==== PROVIDED MATERIAL ====

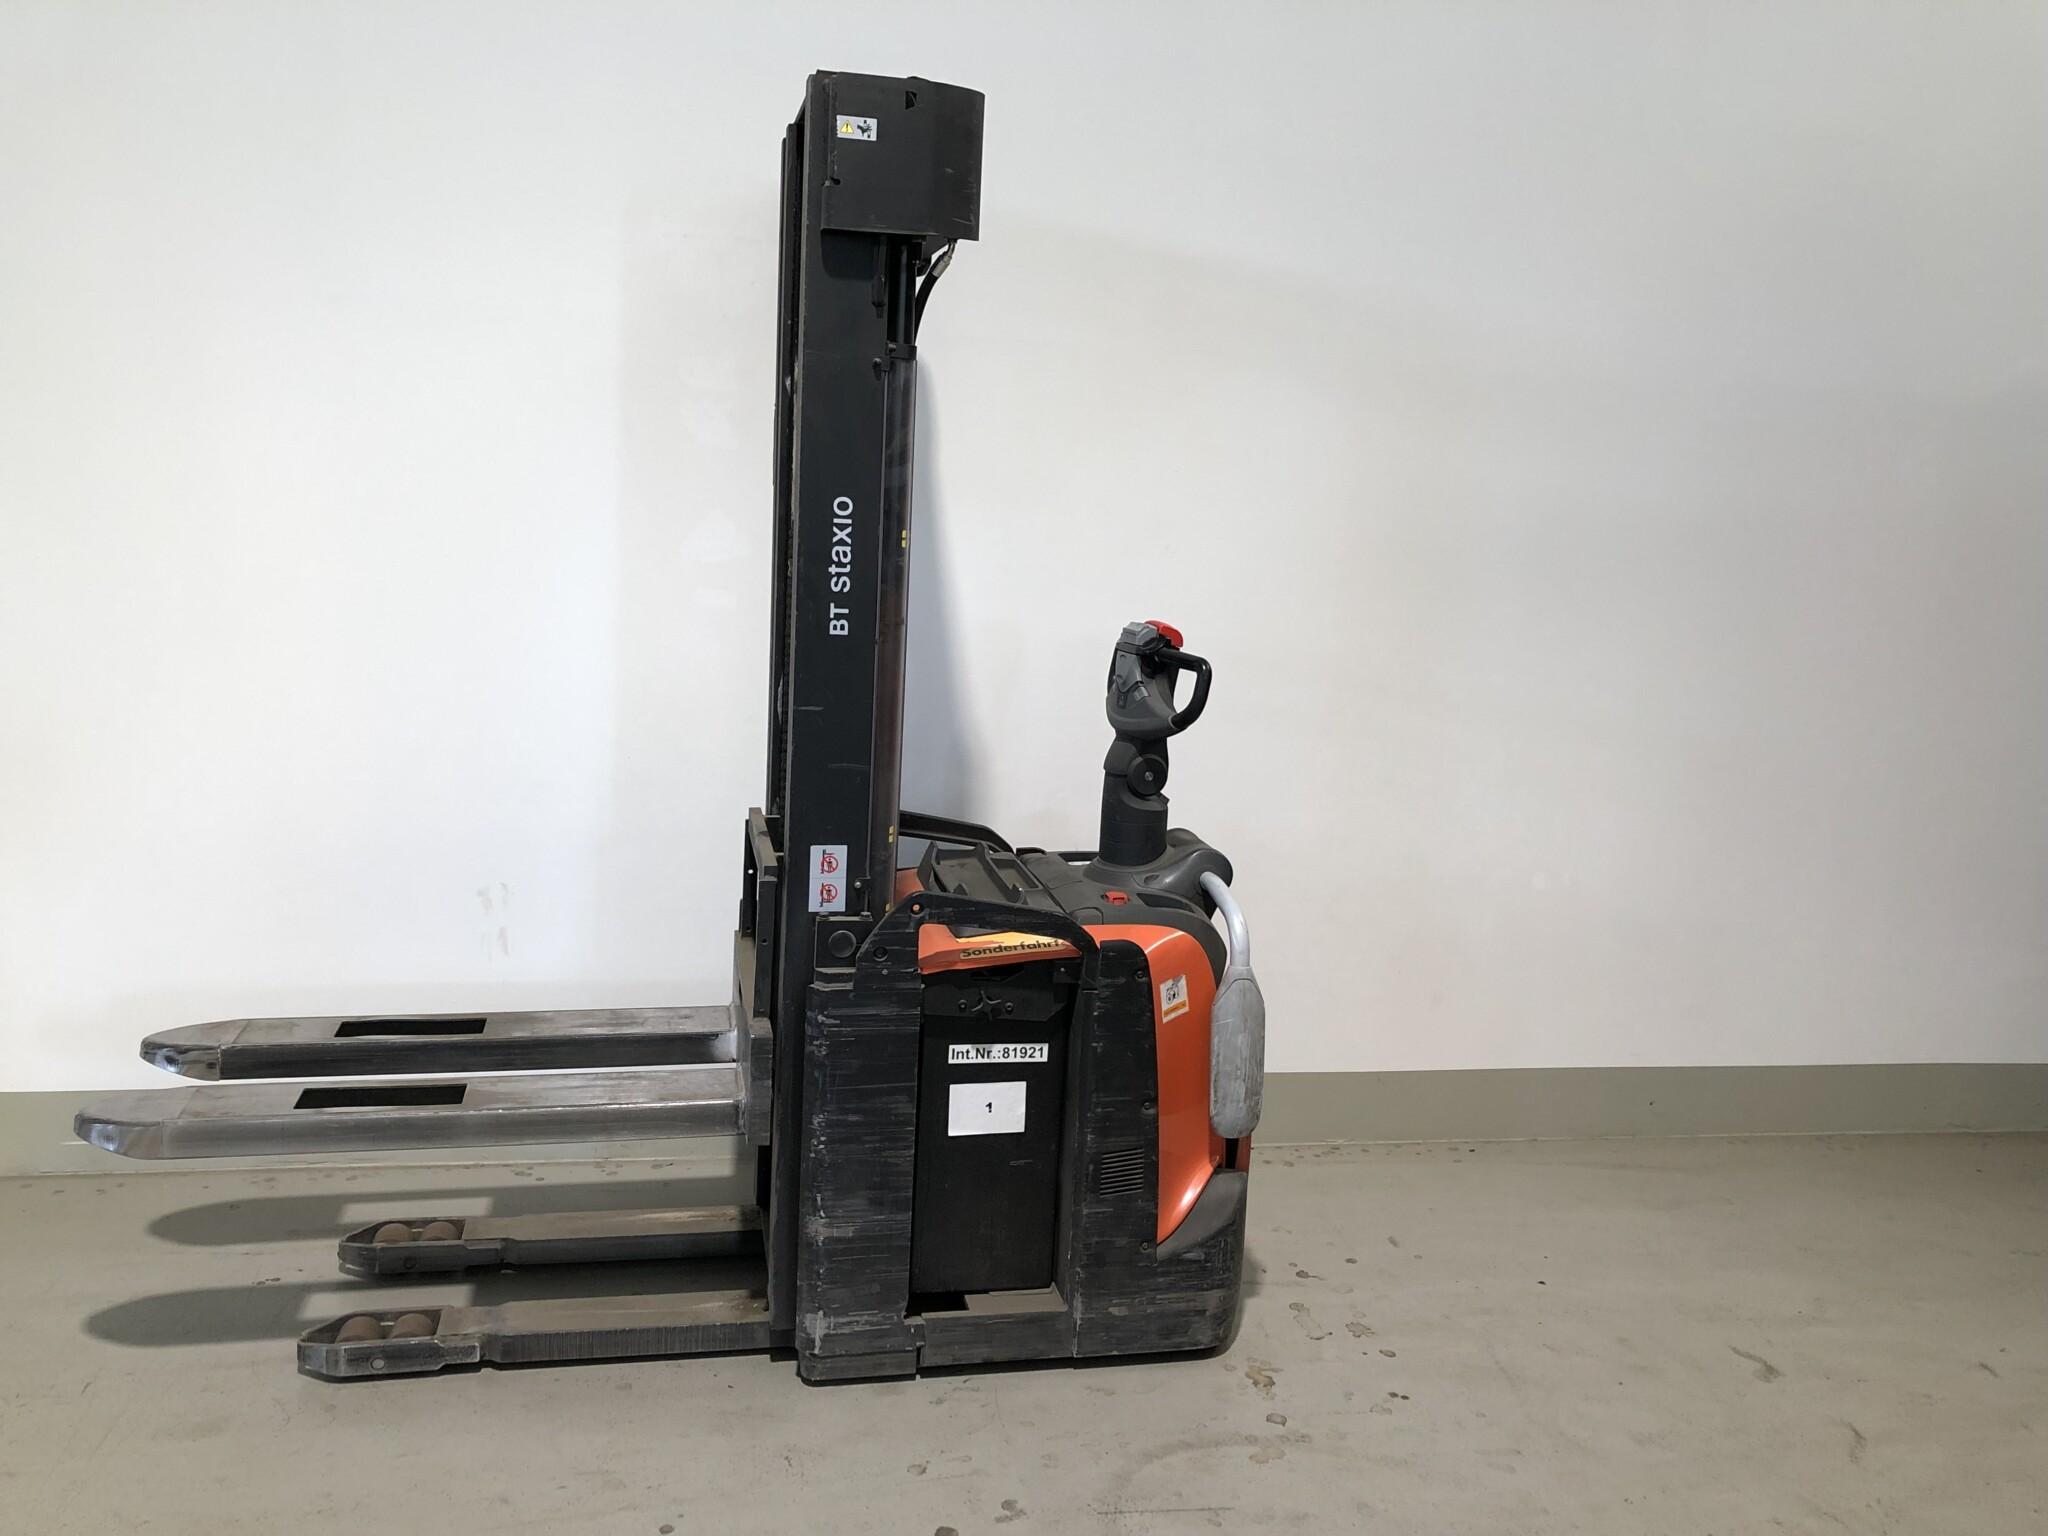 Toyota-Gabelstapler-59840 1705021857 1 scaled
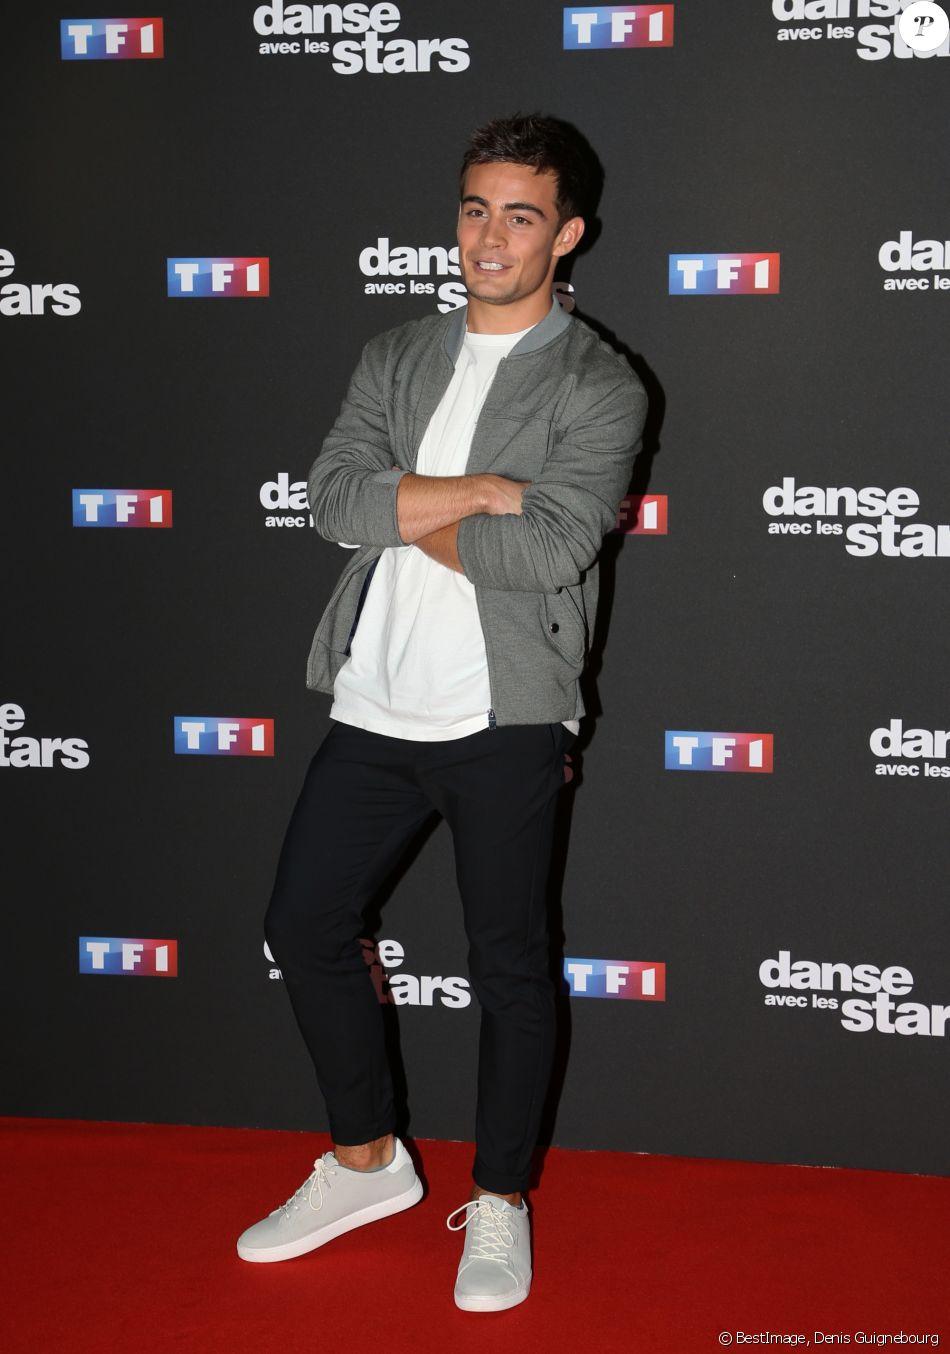 """Clément Remiens - Photocall de la saison 9 de l'émission """"Danse avec les stars"""" (DALS) au siège de TF1 à Boulogne-Billancourt le 11 septembre 2018. © Denis Guignebourg/Bestimage"""
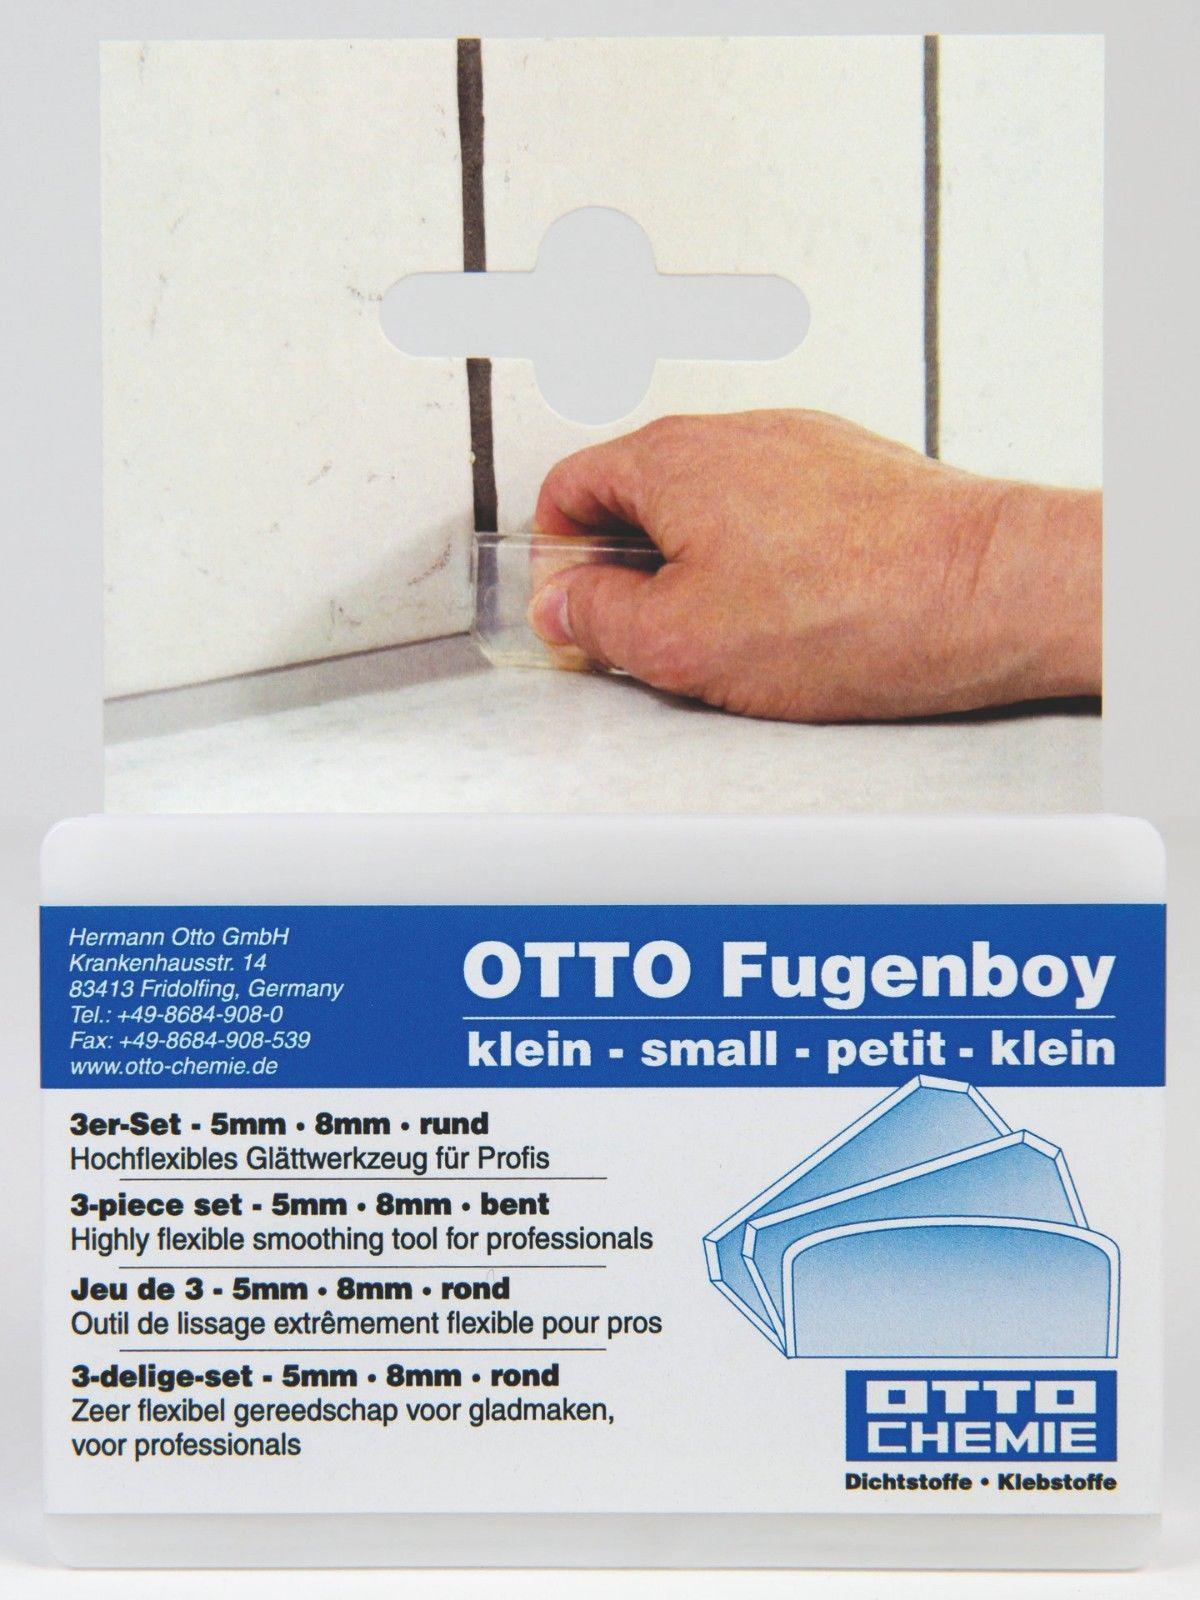 OTTO Fugenboy 3er-Set klein
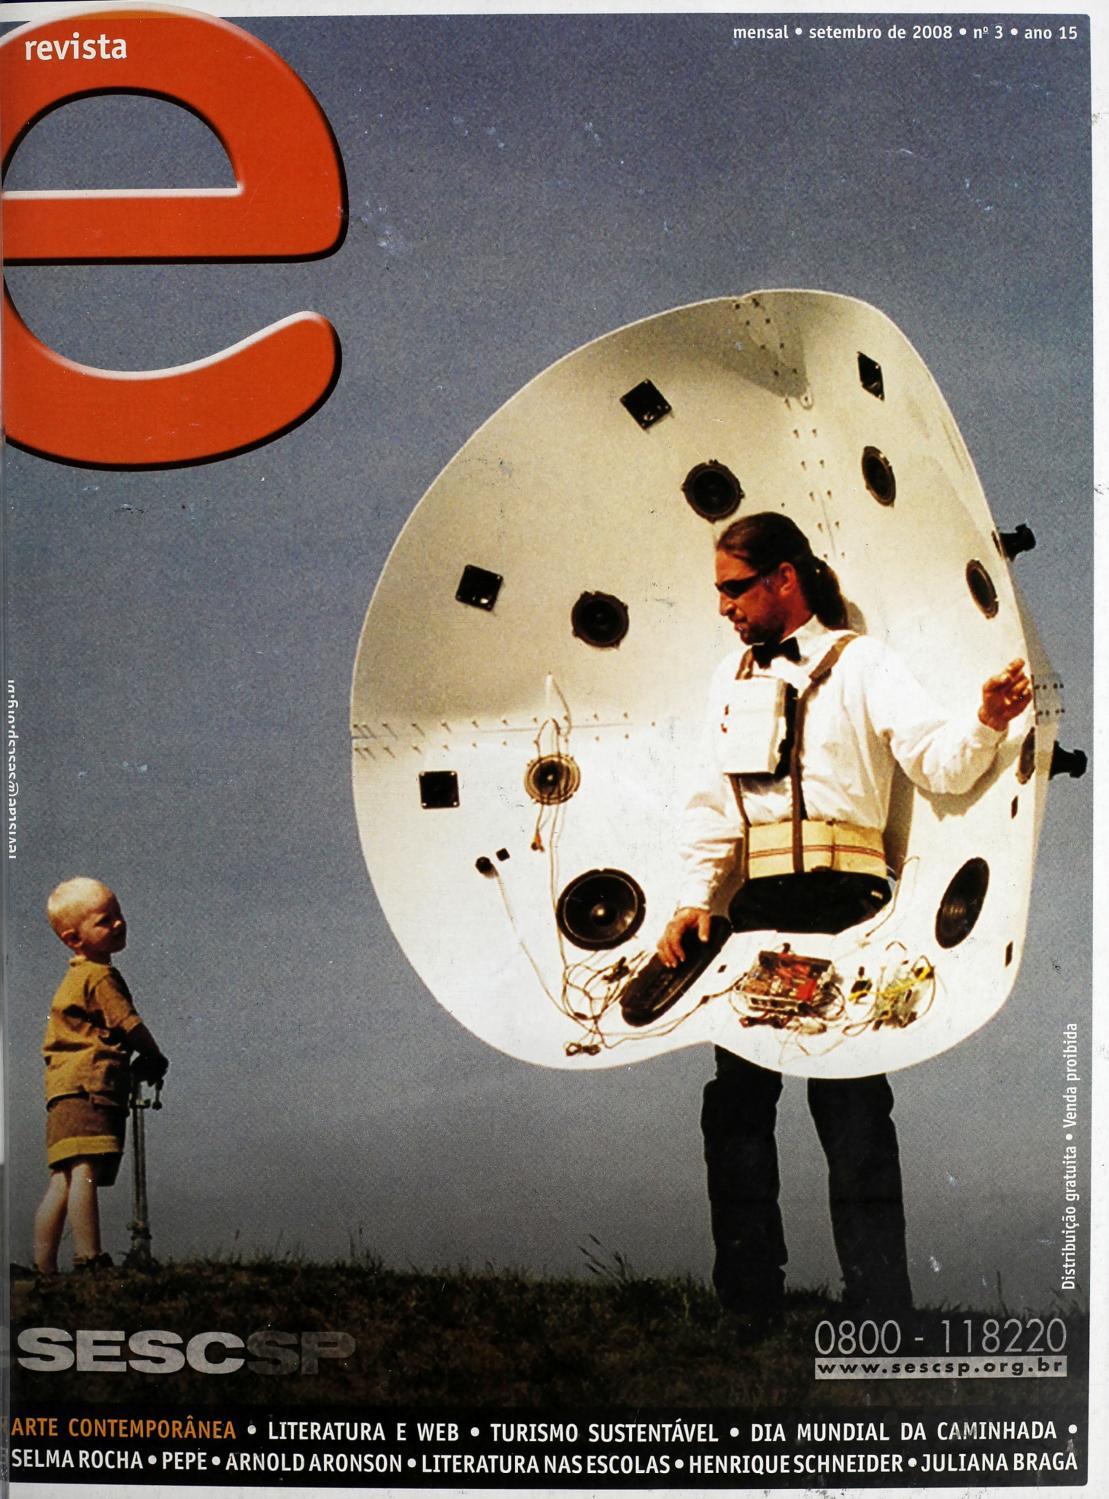 Revista E - Setembro de 2008 - ANO 15 - Nº 3 by Sesc em São Paulo - issuu ff730c2d4b1

====

- TASK INSTRUCTIONS -
Look for the line that contains "OTTO Fugenboy 3er-Set klein", then please copy it and the rest of the lines through the end of the data, pictures excluded.

- EXERCISE SOLUTION -
 OTTO Fugenboy 3er-Set klein
 Revista E - Setembro de 2008 - ANO 15 - Nº 3 by Sesc em São Paulo - issuu ff730c2d4b1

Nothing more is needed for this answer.